→ **Task prompt**
The response must consist of the lines below from the one with "ユニバーサル・スタジオ・ジャパン USJ エクスプレス・パス1 引換券 4" through the one with "ble avsluttet med.", exactly as they appear and with both ends kept.

→ **Source material**

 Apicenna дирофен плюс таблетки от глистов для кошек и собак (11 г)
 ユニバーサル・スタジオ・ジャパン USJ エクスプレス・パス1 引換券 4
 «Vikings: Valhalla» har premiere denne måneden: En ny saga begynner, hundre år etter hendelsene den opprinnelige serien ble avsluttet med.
...
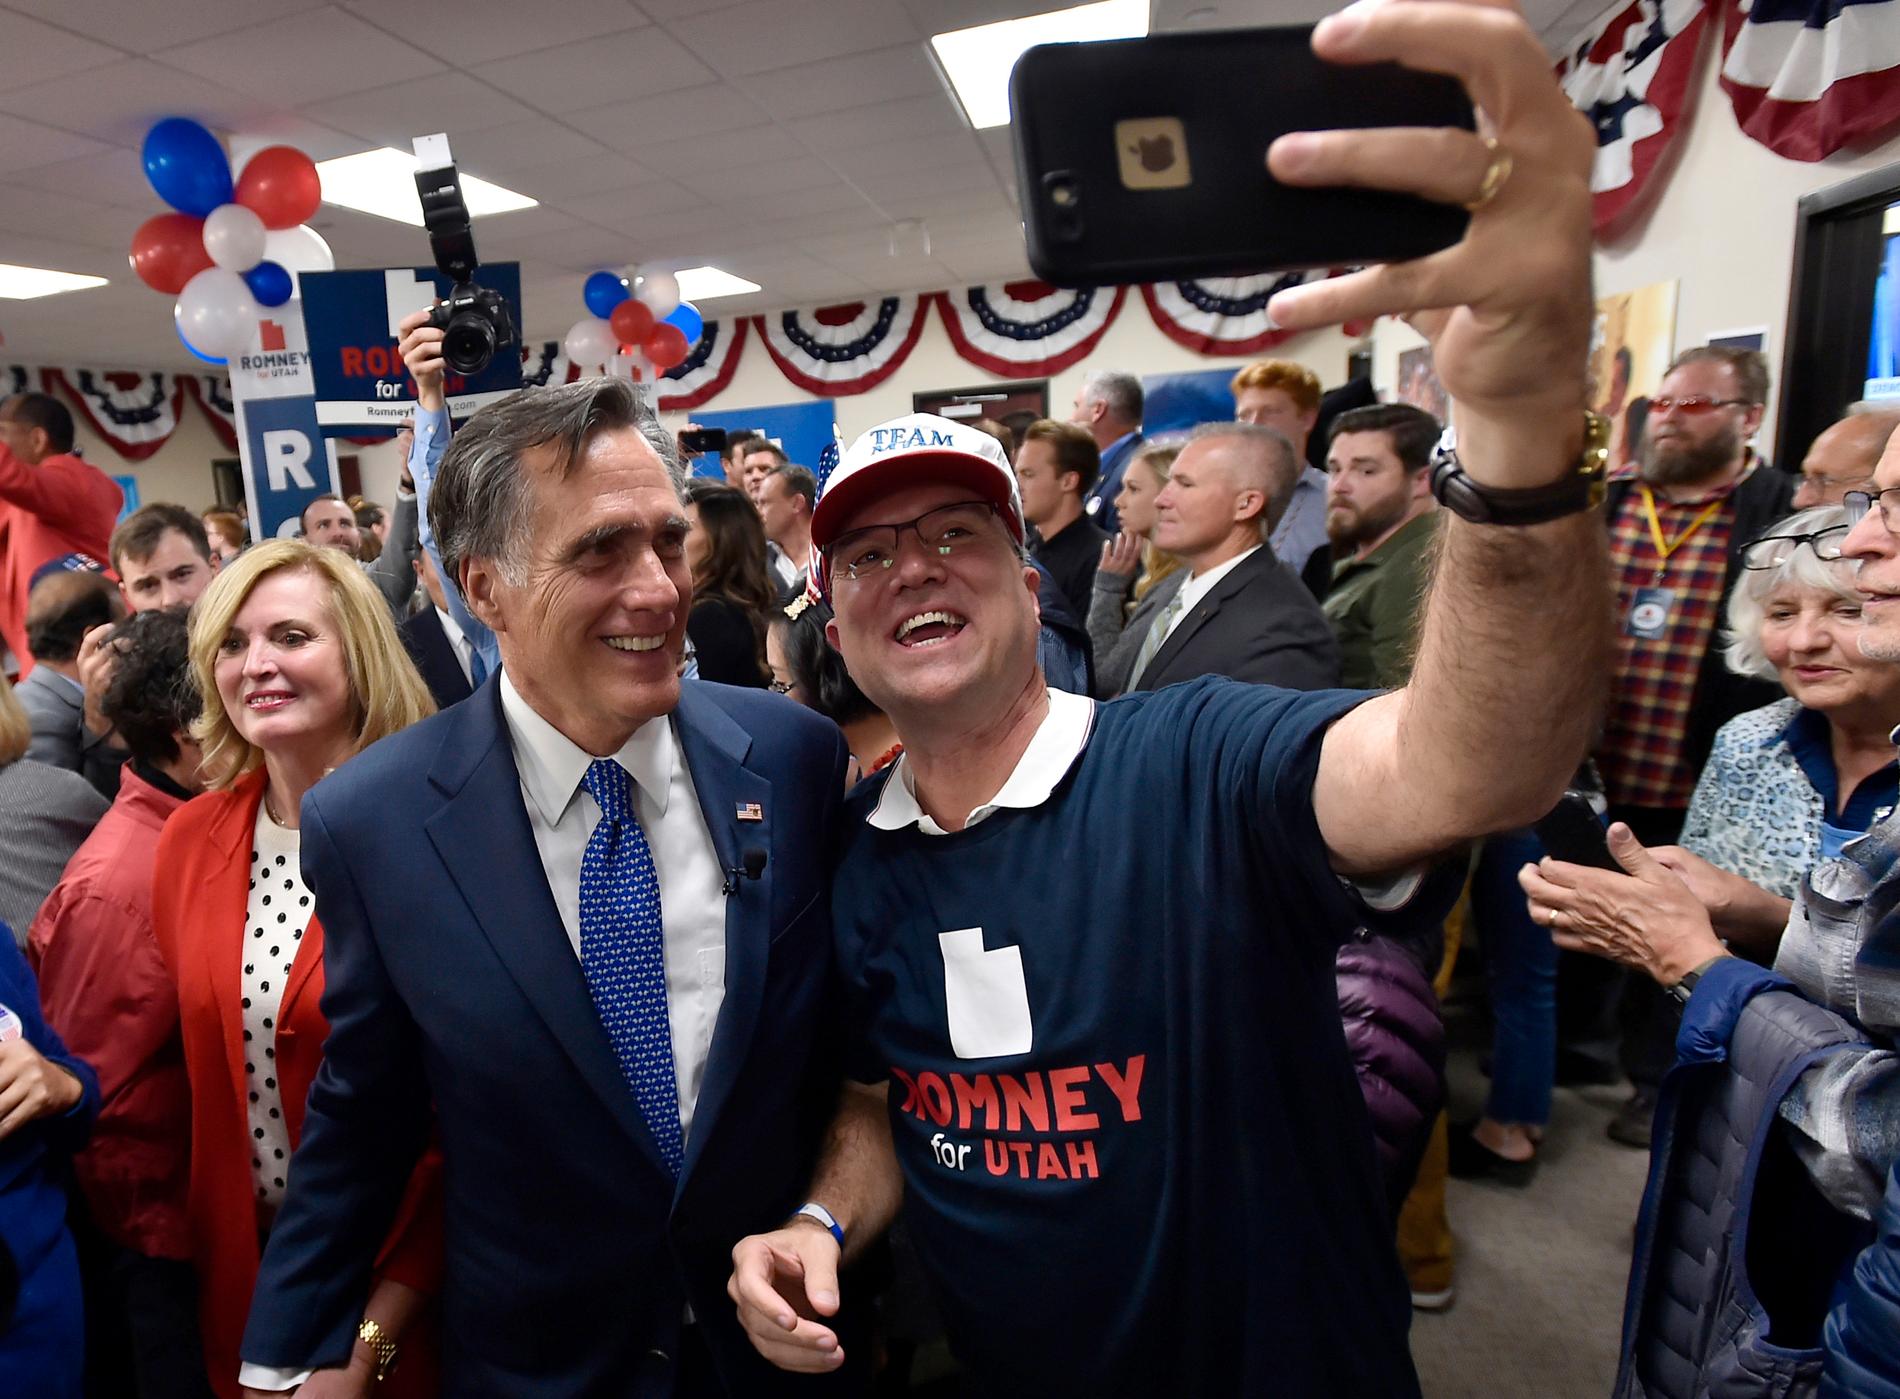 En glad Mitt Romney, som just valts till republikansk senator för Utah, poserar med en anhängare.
* * *
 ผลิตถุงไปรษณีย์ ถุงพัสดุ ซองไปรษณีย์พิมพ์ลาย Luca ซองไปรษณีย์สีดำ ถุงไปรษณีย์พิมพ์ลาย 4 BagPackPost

→ **Output for this exercise**
 ユニバーサル・スタジオ・ジャパン USJ エクスプレス・パス1 引換券 4
 «Vikings: Valhalla» har premiere denne måneden: En ny saga begynner, hundre år etter hendelsene den opprinnelige serien ble avsluttet med.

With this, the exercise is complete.